Wednesday, July 12, 2017

Summer

Laying on my stomach on my cartoon beach towel that I've had for way too long, it feels like it's 100°. Fahrenheit of course, Celsius conversions will forever escape me and I gave up trying awhile ago although that's what they use here.

Of course it's not 100, it's probably not even 90 yet, but something about the humidity in this city kills me. I glance to my left and can literally see those heat wave things coming off of the sand. 

Sweat rolls down my forehead. What I thought was a mid-week beach break treat yo' self was actually just turning into a heat stroke.


Never did I think I would live in a climate that I found to be too hot, to be honest.

I shift again, and a girl in a purple thong bikini catches my eye. It's not out of the ordinary on the beaches of Tel Aviv, but her put-togetherness, her long manicured nails and large floppy beach hat make me overly aware of my disheveled hair and lack of makeup. She kind of looks French.

I wonder if I'll ever muster the courage to wear a thong on the beach, I ponder. Just about anything goes here; speedos are right and left, the less clothing the better it seems. I conclude that there's no point in burning my butt cheeks just to show some more skin.

It's kind of funny, we often get questions from our friends and family (particularly those planning to visit), "Do I need to cover up more? Do I need to wear pants? Should I buy a one piece?"

No. In Tel Aviv at least, you should do the exact opposite. You will see just about anything and everything; nothing shocks me anymore after walking up and down the beach for almost a year now.

I shift from my stomach to lay on my back, and make the mistake of putting my feet on the burning sand, quickly correcting it by burrowing my feet underneath. The breeze feels great, and I consider for a second actually going into the sea. Until I remember the warning from friends that it's jellyfish season, for at least another week.


Yeah no thanks.

To my left there's an old man whose a deep shade of brown that my ethnicity will never allow me to reach. I wonder how he's asleep when we are basically sitting on the sun. I'm jealous of his beer next to him.

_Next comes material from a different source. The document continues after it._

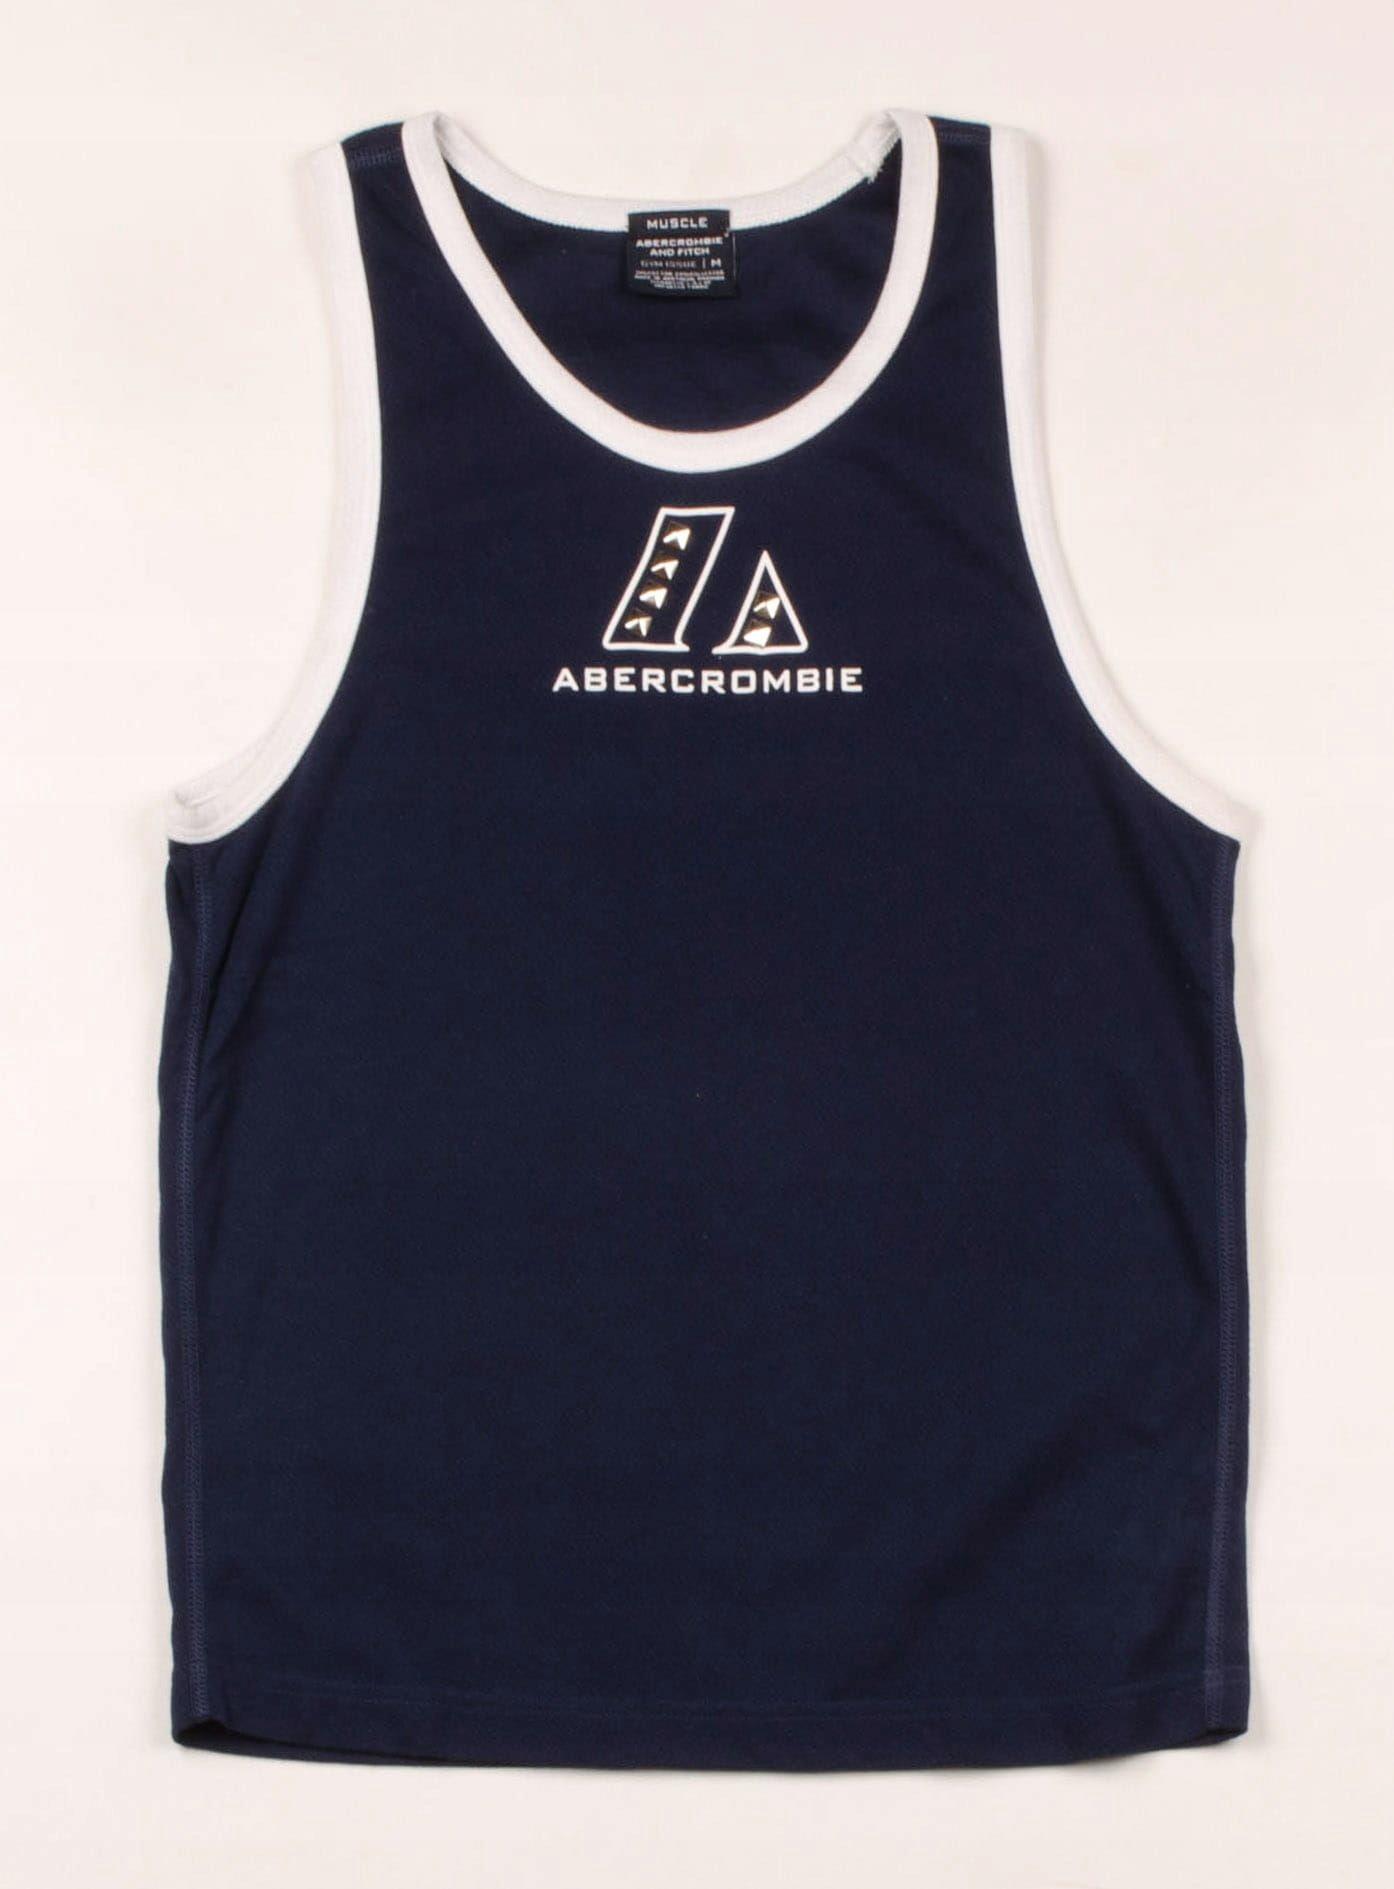 35194 Abercrombie Koszulka ramiączka Męska M
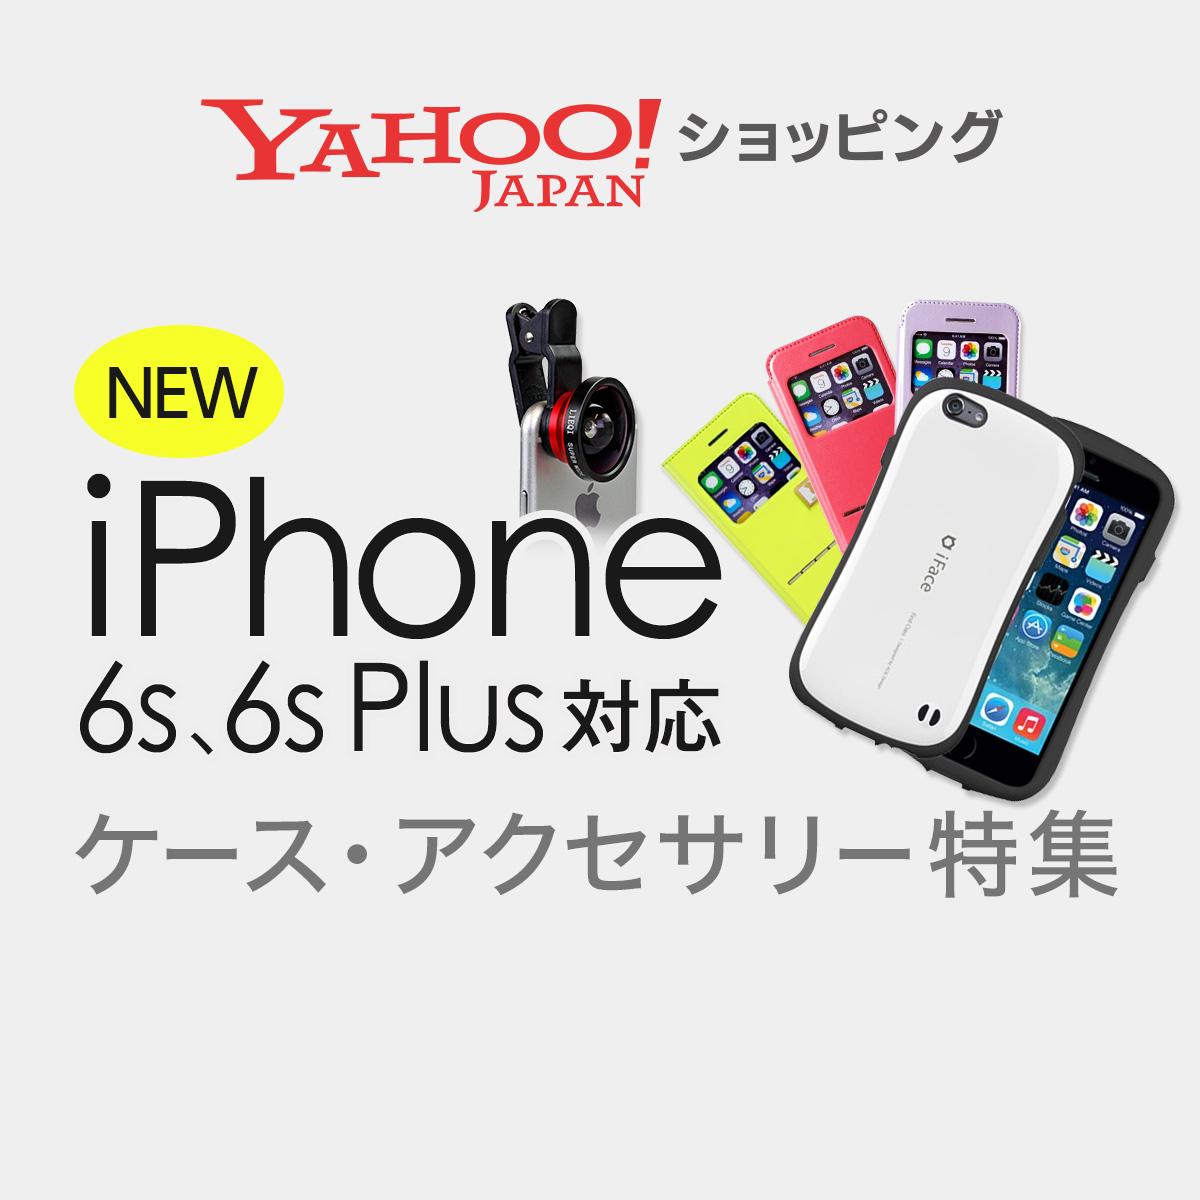 【早わかりまとめ】進化したiPhone6s 6s Plus【9/25発売】新しいケースに着替えよう!

We need more post-it notes, I remember to myself. Post-it notes are one of my odd loves in life; actually, making lists on them is. It was on my list today to try to find more post-its, and some cheap plates. You know what I mean - everyone needs at least a few crappy plates that you and your husband can easily chuck into the microwave/into the dishwasher/onto the floor without worrying about damaging them. Our old ones from the Target dollar section were getting disgusting.


Oh Target, I miss you. #2 behind Trader Joes.

I should probably wander down Allenby Street before heading back home to get some work done, and see if I can find a store that sells both post-its and plates together. Odds are low, which is why we now just order roughly 75% of things we need off of Amazon - even if we have to wait a week for it.

I stand up and immediately slip on my Birks to get my feet off the sand. Maybe I should stop at the juice stand on my way, in order to avoid heat exhaustion on my mile-long walk home? Sounds like a plan.